* _Task statement_
The listing below is to be copied exactly, with pictures excluded.

* _Input_
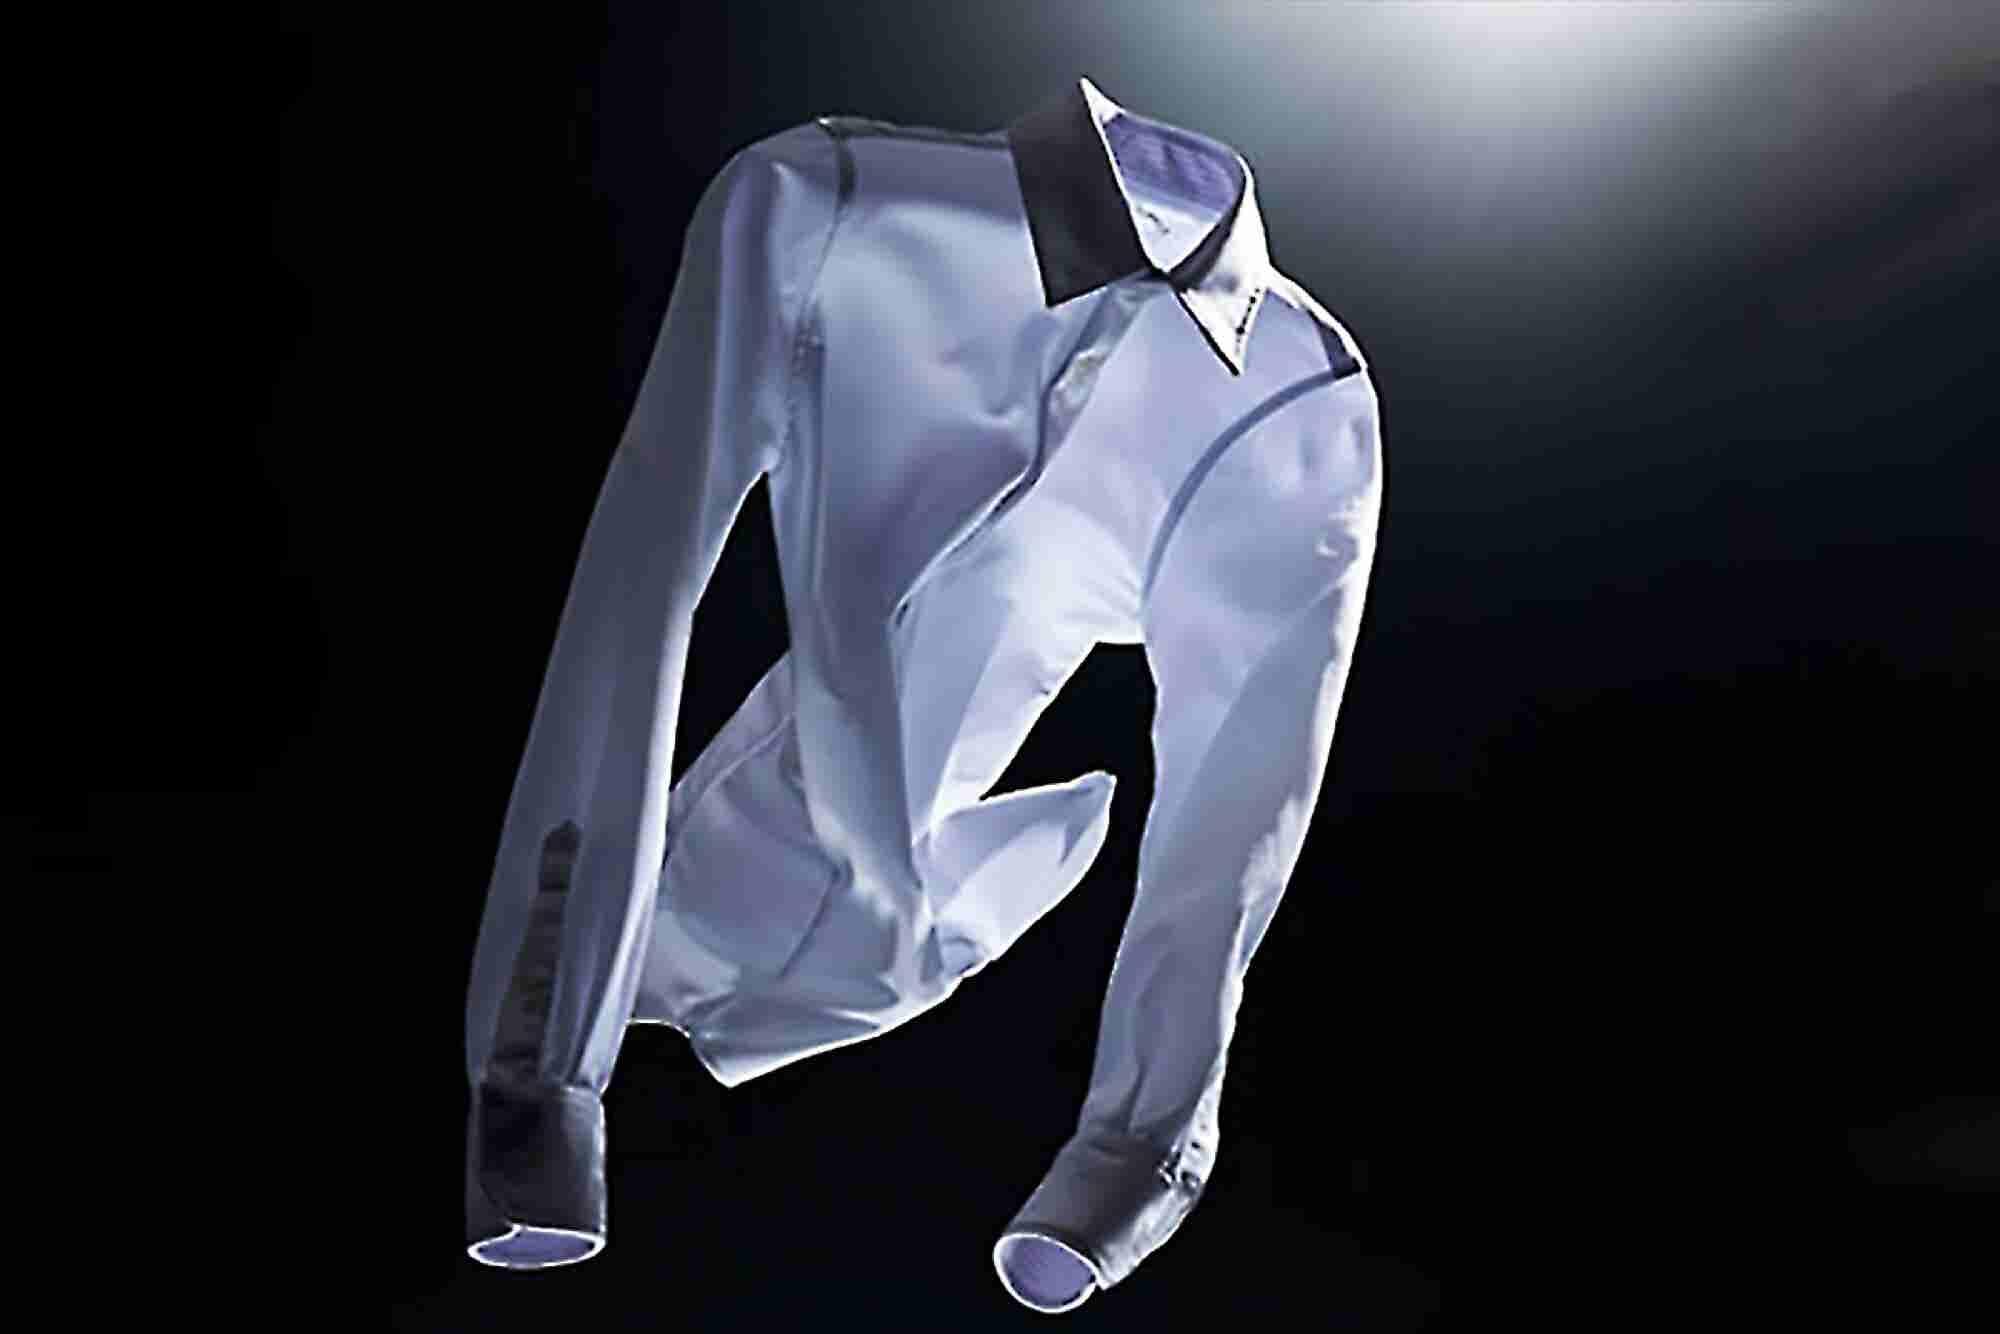 NASA-Inspired Technology Boosts Menswear Line
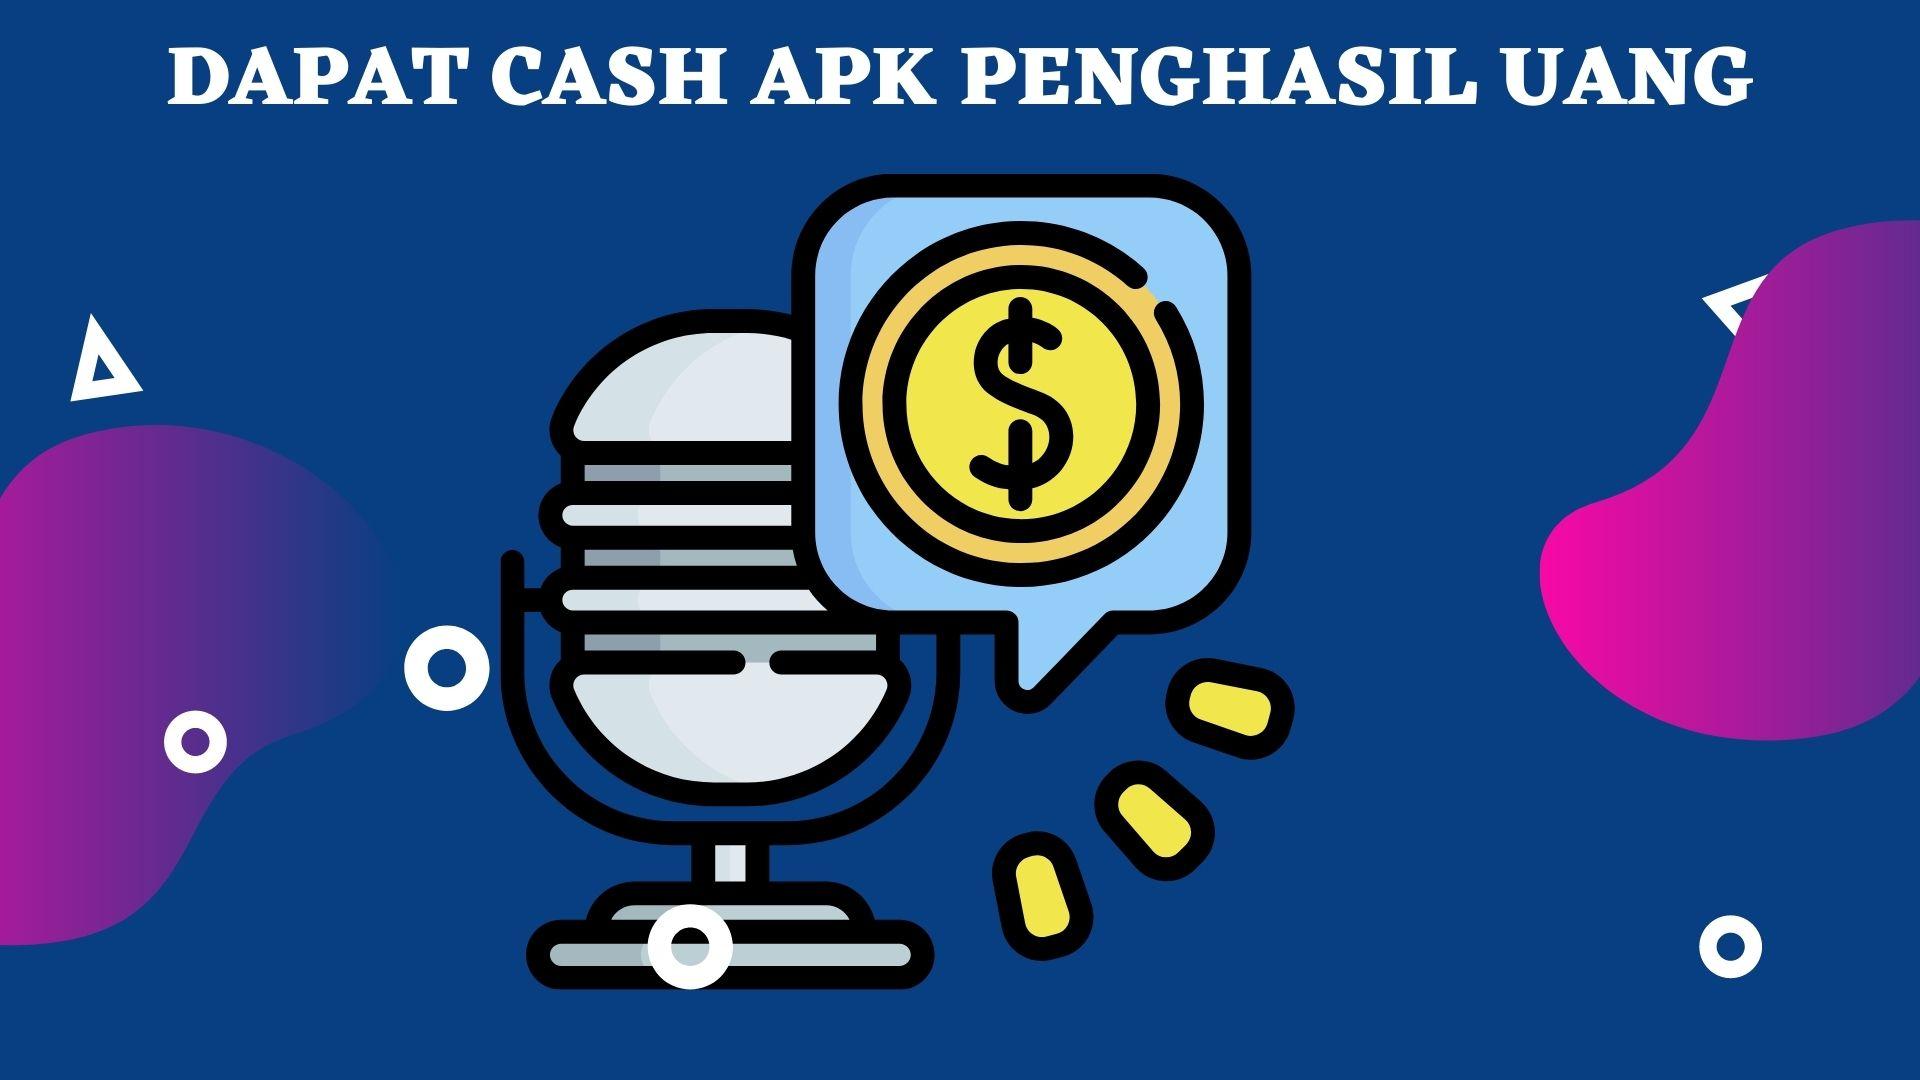 Cara-Mengunduh-Dapat-Cash-APK
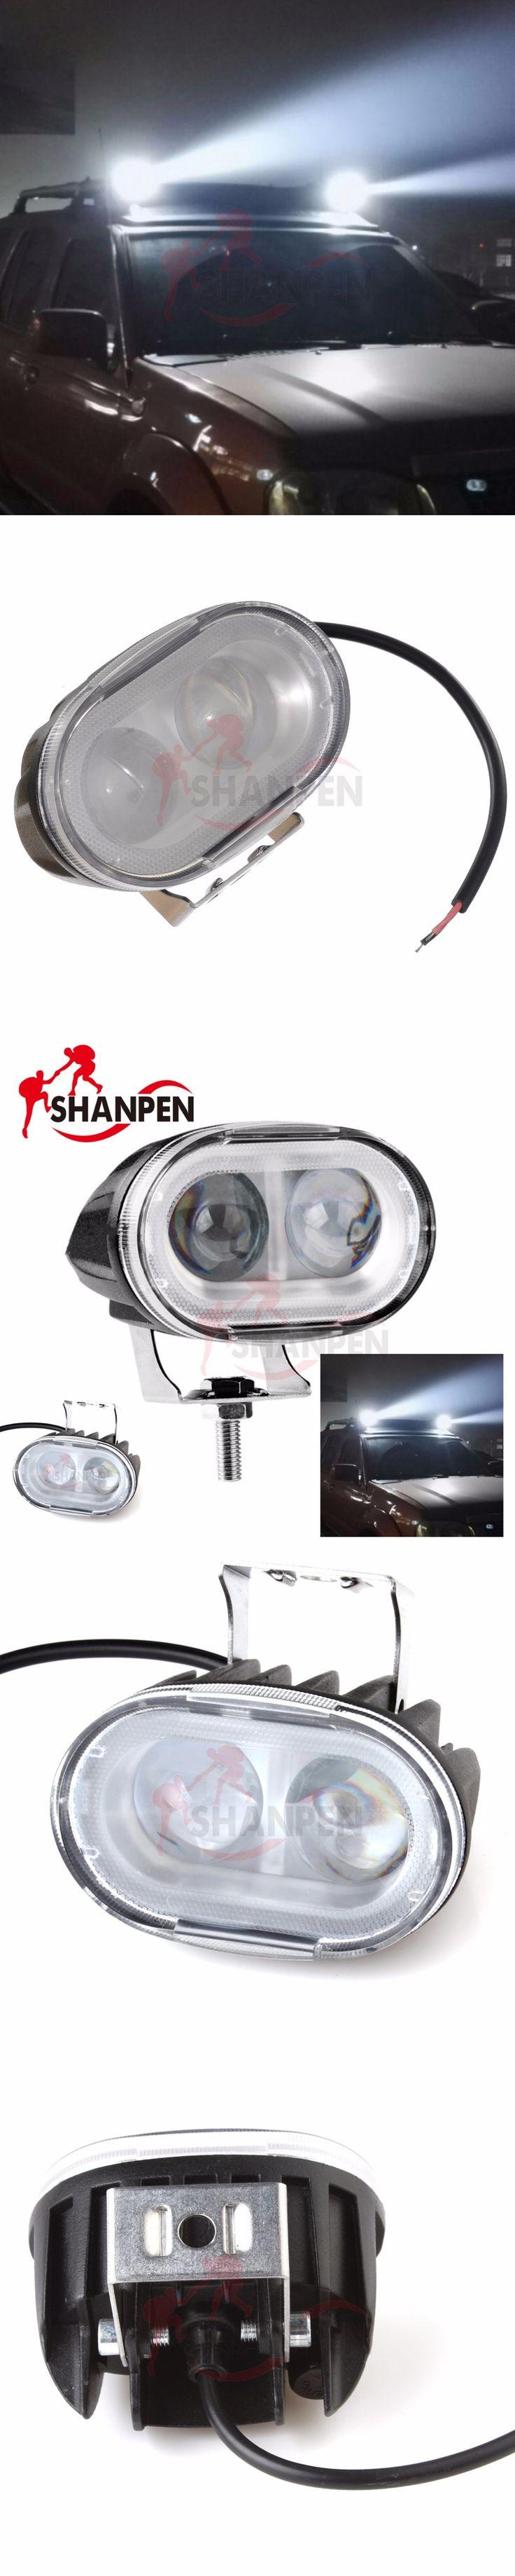 Car headlights and spotlights  Vehicle Off-road 20W 2000LM 9V-30V Car LED Work Light Driving Lamp 4WD ATV SUV
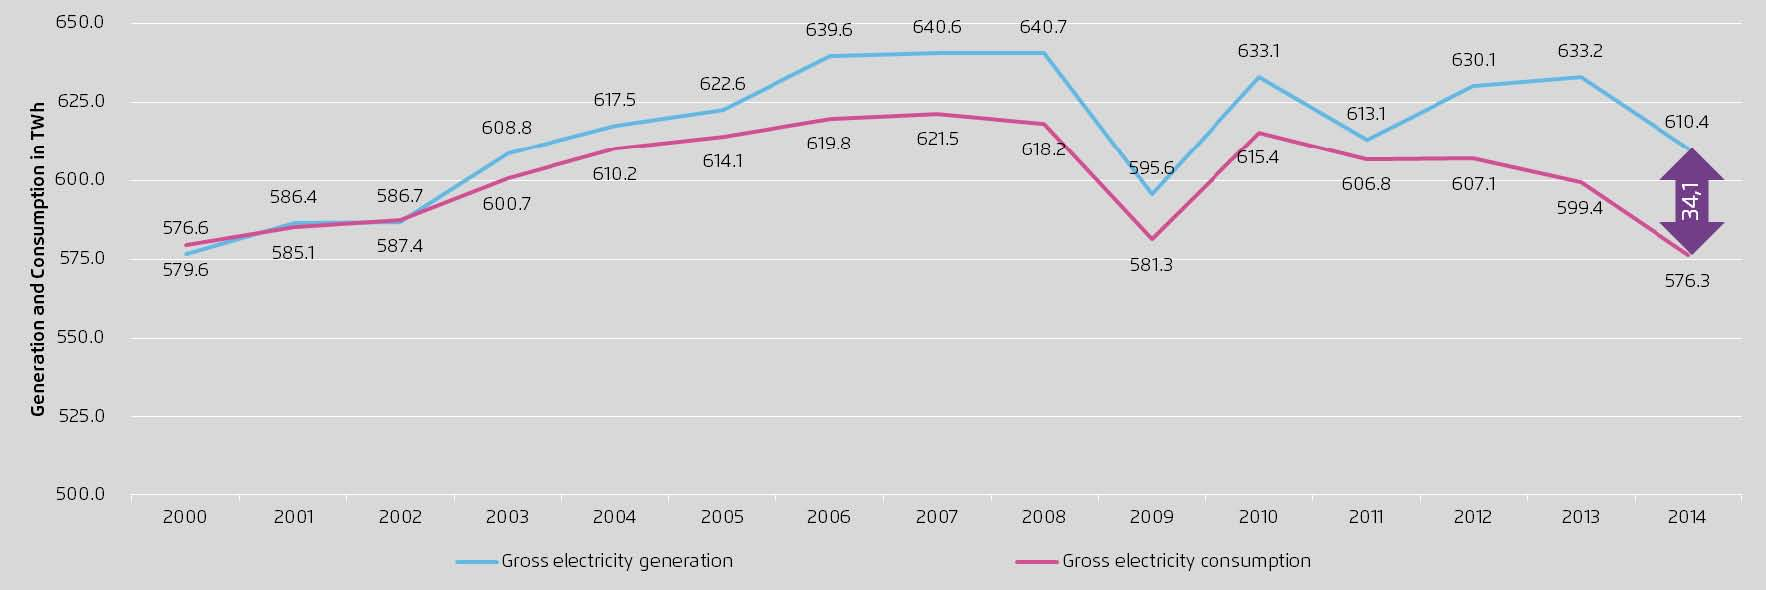 Proizvodnja i potrošnja el en u Njem 2000-2014
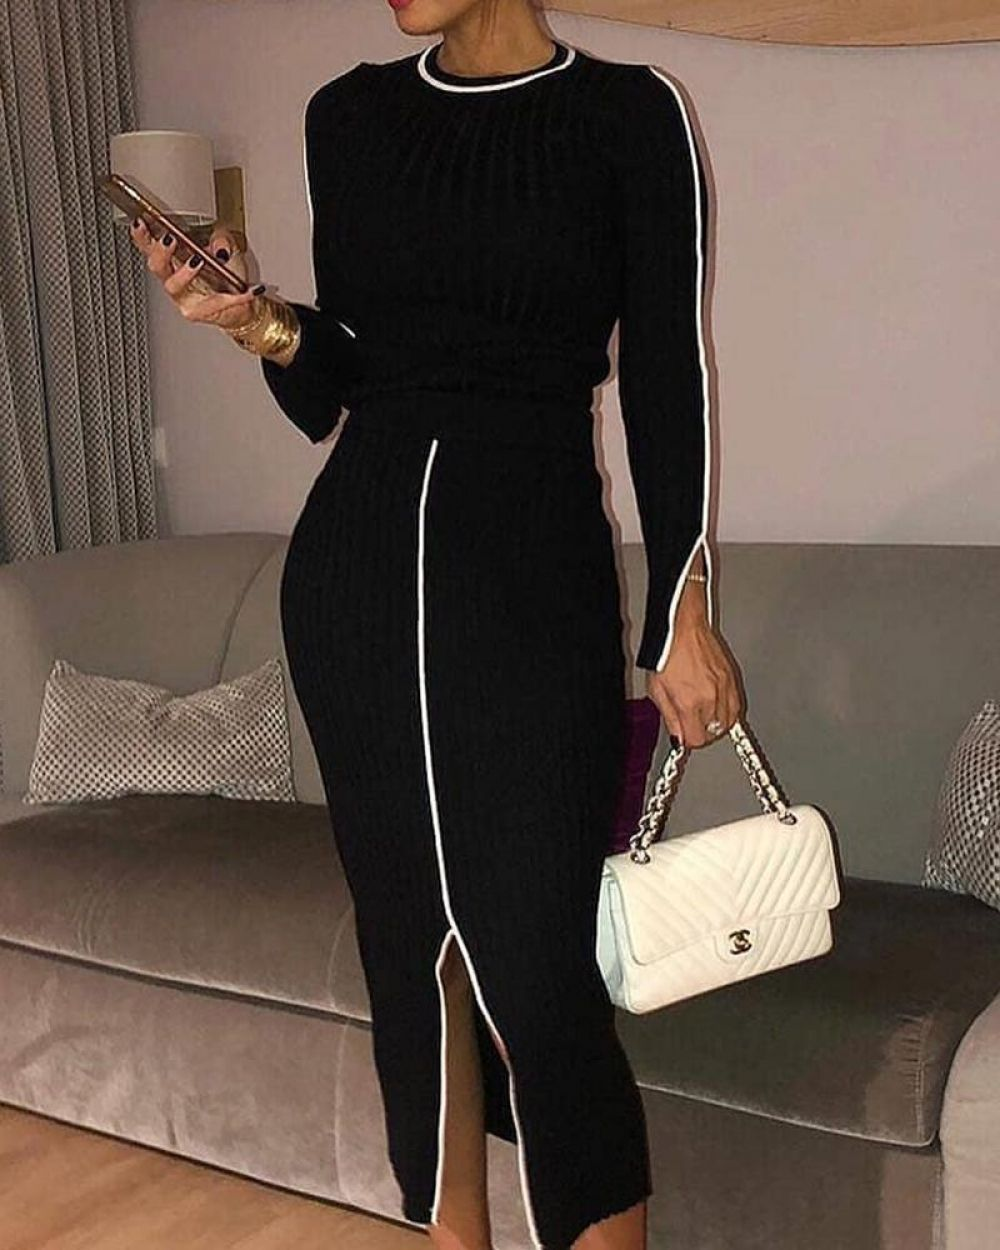 Women Elegant Minimalist Long Sleeve Tops Amp Bottom Split Skirts Set Autumn Casual 2 Piece Sets Womens Outfit Long Sleeve Tops Clothes For Women Long Sleeve [ 1250 x 1000 Pixel ]

* _Solution to this task_
 NASA-Inspired Technology Boosts Menswear Line
 Cara-Mengunduh-Dapat-Cash-APK
 Car headlights and spotlights  Vehicle Off-road 20W 2000LM 9V-30V Car LED Work Light Driving Lamp 4WD ATV SUV
 Proizvodnja i potrošnja el en u Njem 2000-2014
 Women Elegant Minimalist Long Sleeve Tops Amp Bottom Split Skirts Set Autumn Casual 2 Piece Sets Womens Outfit Long Sleeve Tops Clothes For Women Long Sleeve [ 1250 x 1000 Pixel ]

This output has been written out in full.